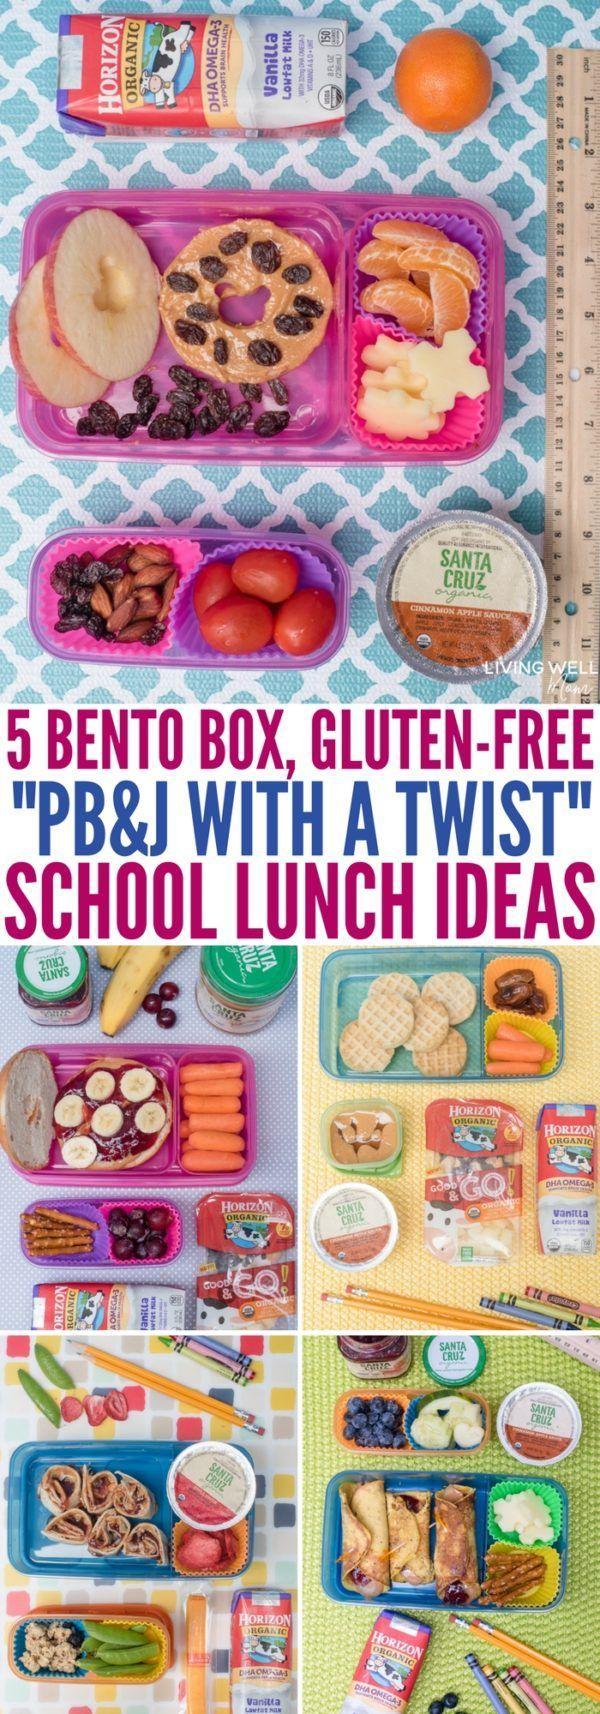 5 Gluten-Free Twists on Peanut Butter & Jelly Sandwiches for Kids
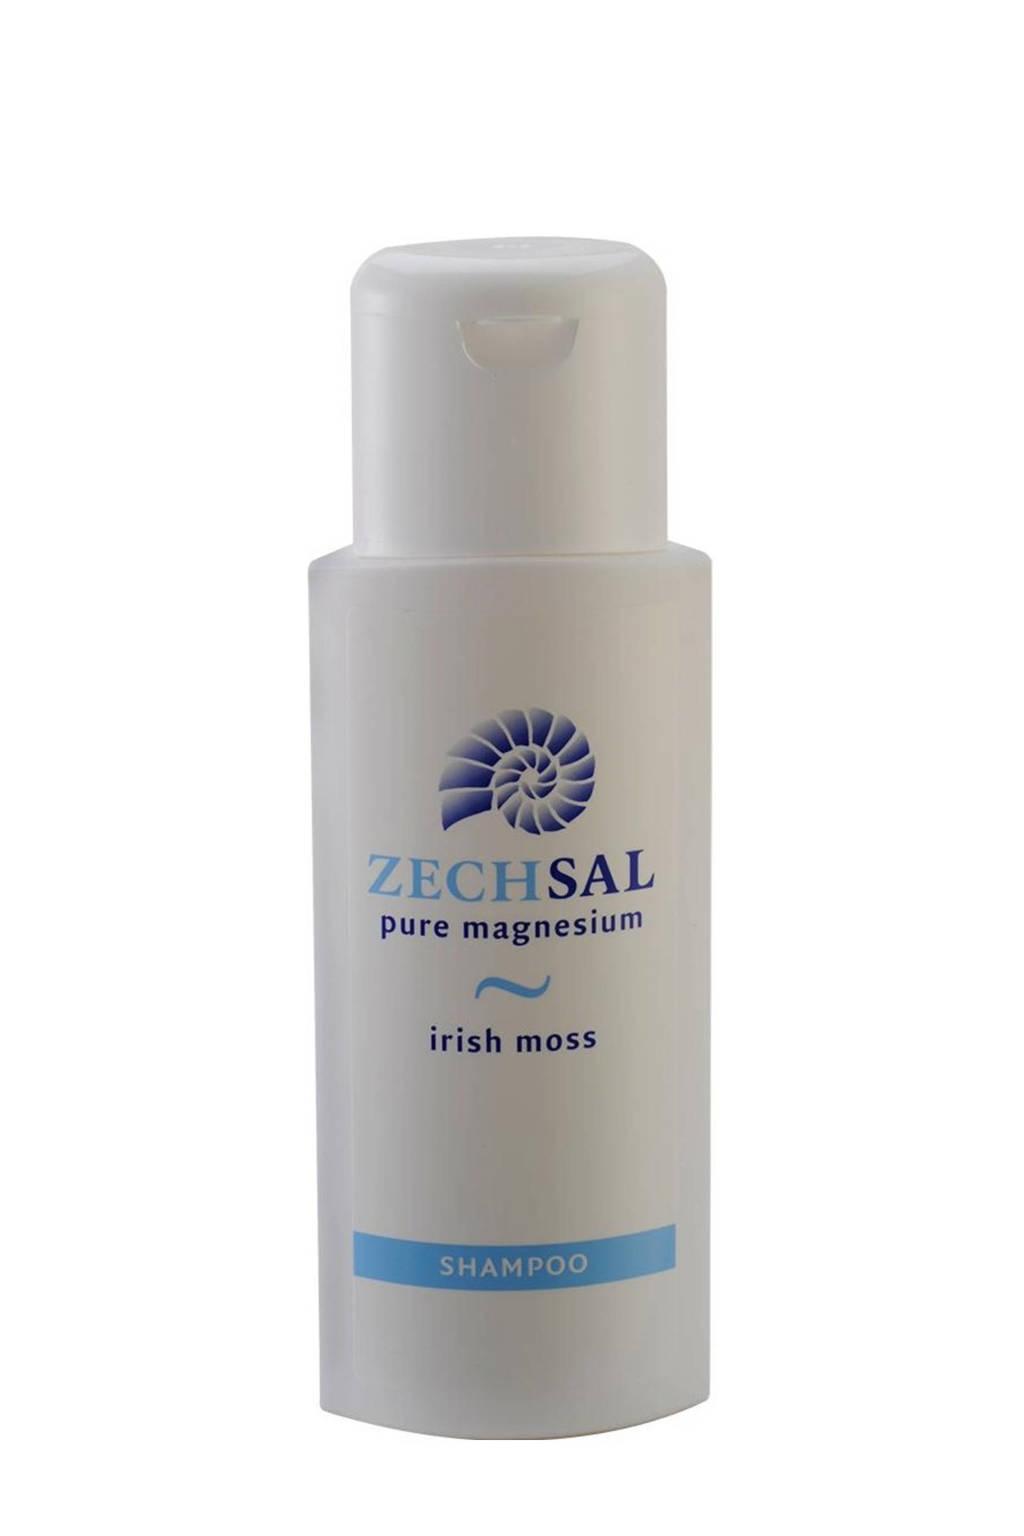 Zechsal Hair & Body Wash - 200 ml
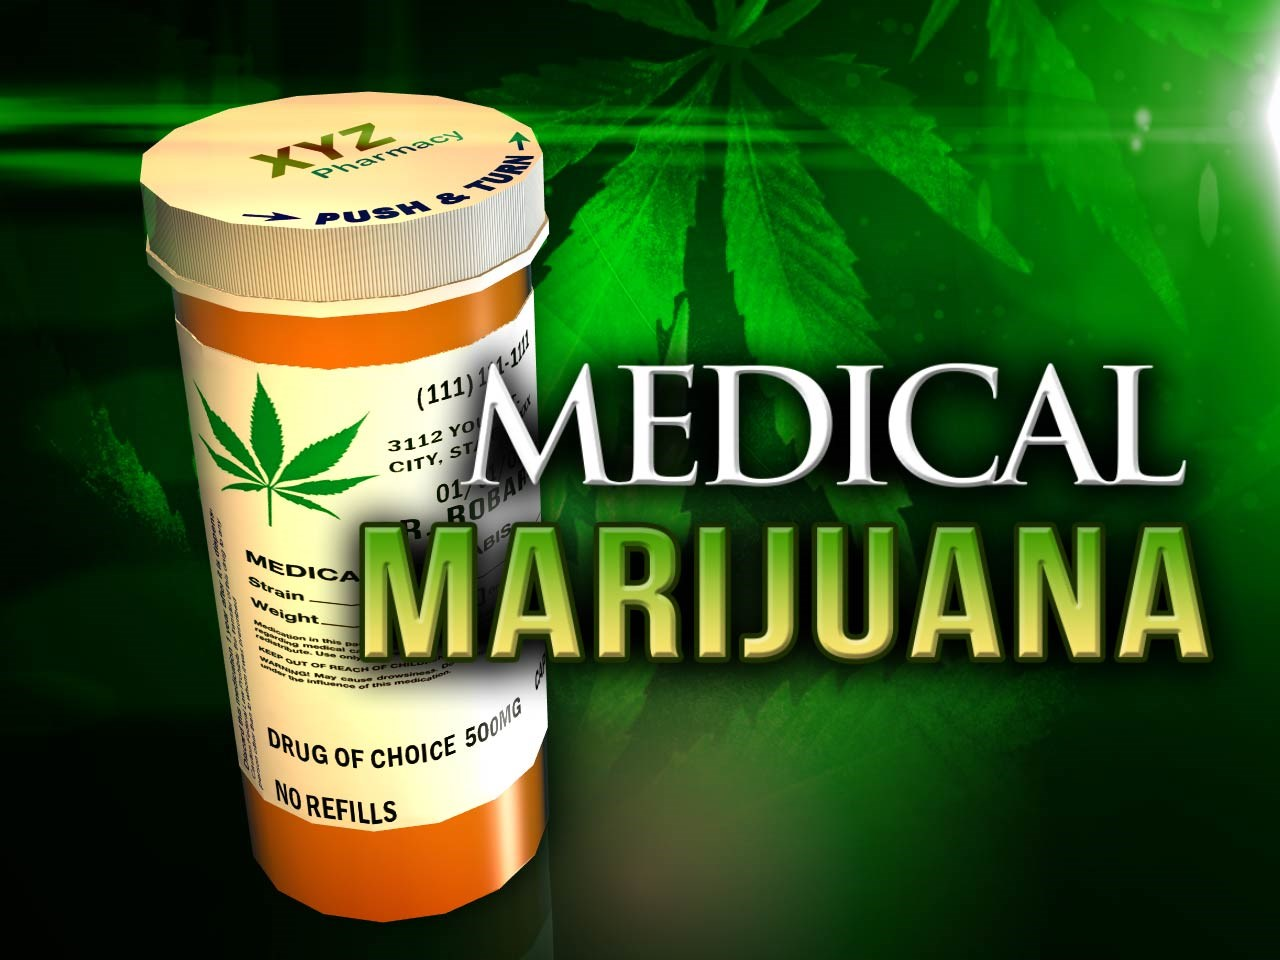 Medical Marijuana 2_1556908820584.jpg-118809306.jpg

## DIRECTIONS FOR THIS TASK
Could you give the listing again exactly, minus its pictures?

## RESPONSE TO THIS EXERCISE
 5 Gluten-Free Twists on Peanut Butter & Jelly Sandwiches for Kids
 Zechsal Hair & Body Wash - 200 ml
 Medical Marijuana 2_1556908820584.jpg-118809306.jpg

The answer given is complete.